Mark F. Grimwade ist Metallurge mit
vielen Jahren Industrieerfahrung. Seit
1966 Dozent der Fachrichtung Metallurgie und Konstruktionswerkstoffe am
Sir John Cass College of Science and
Technology, heute Teil der City of London Polytechnic, ist M. Grimwade gegenwärtig Dozent für Fertigungsmetallurgie.

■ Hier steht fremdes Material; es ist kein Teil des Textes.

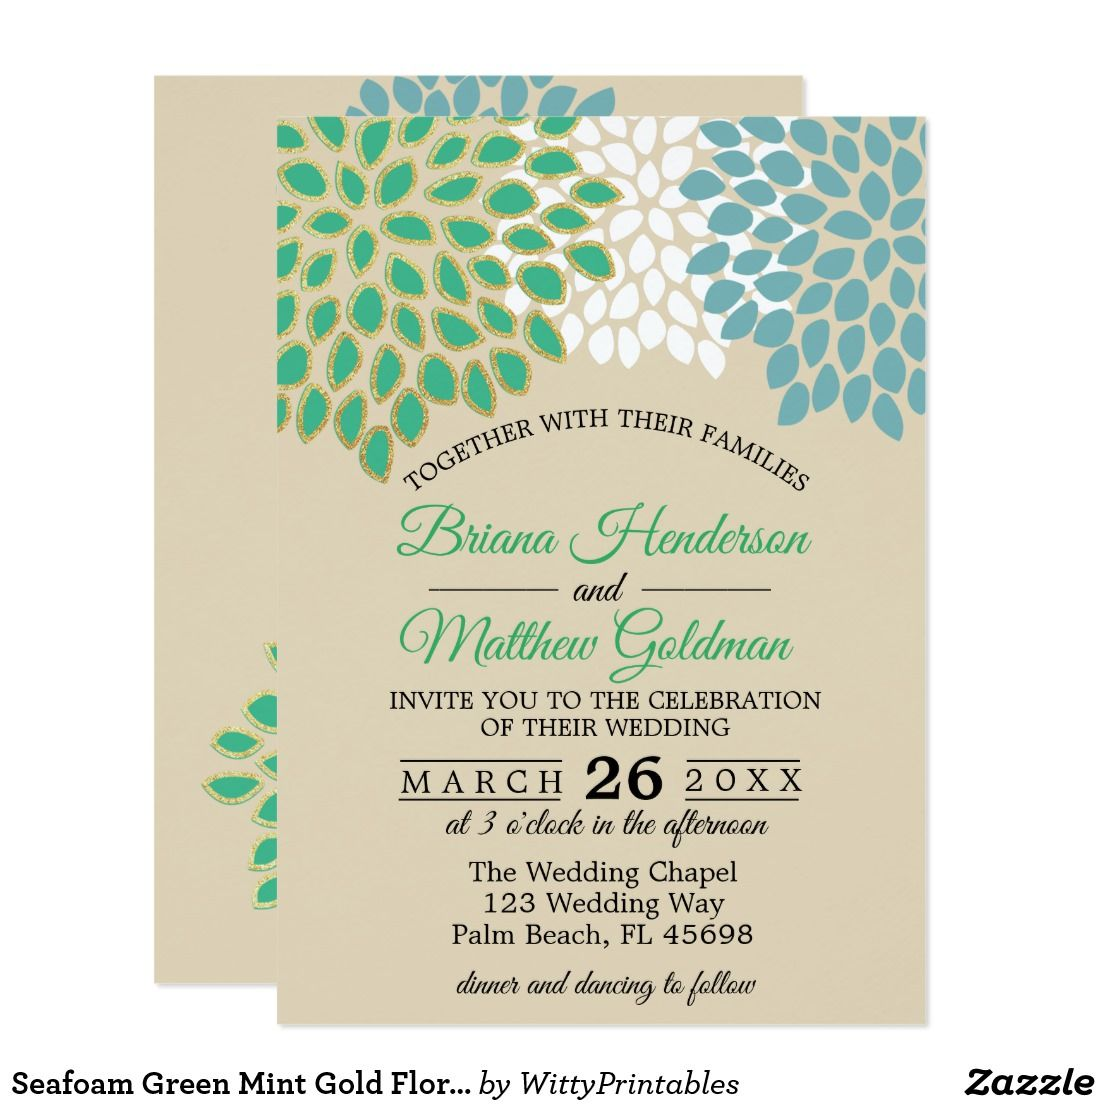 Seafoam Green Wedding Ideas: Seafoam Green Mint Gold Floral Wedding Invitation

Im Jahre 1971 wurde M.F. Grimwade
von Peter Gainsbury, Forschungsdirektor
der Worshipful Company of Goldsmiths,
gebeten, einen Kurs mit 24 Vorlesungen
über die Grundlagen der Metallurgie für
Gold- und Silberschmiede zu organisieren, und kam auf diese Weise mit
der Metallurgie der Edelmetalle und der
Arbeit der Goldschmiede in Berührung.
Im Verlauf der letzten Jahre nahm
Mark Grimwade die Aufgabe wahr, den
Studenten der Fachrichtung "Silversmithing and Jewellery" an der Sir John
Cass School of Art, City of London
Polytechnic, Vorlesungen über Metallurgie zu halten.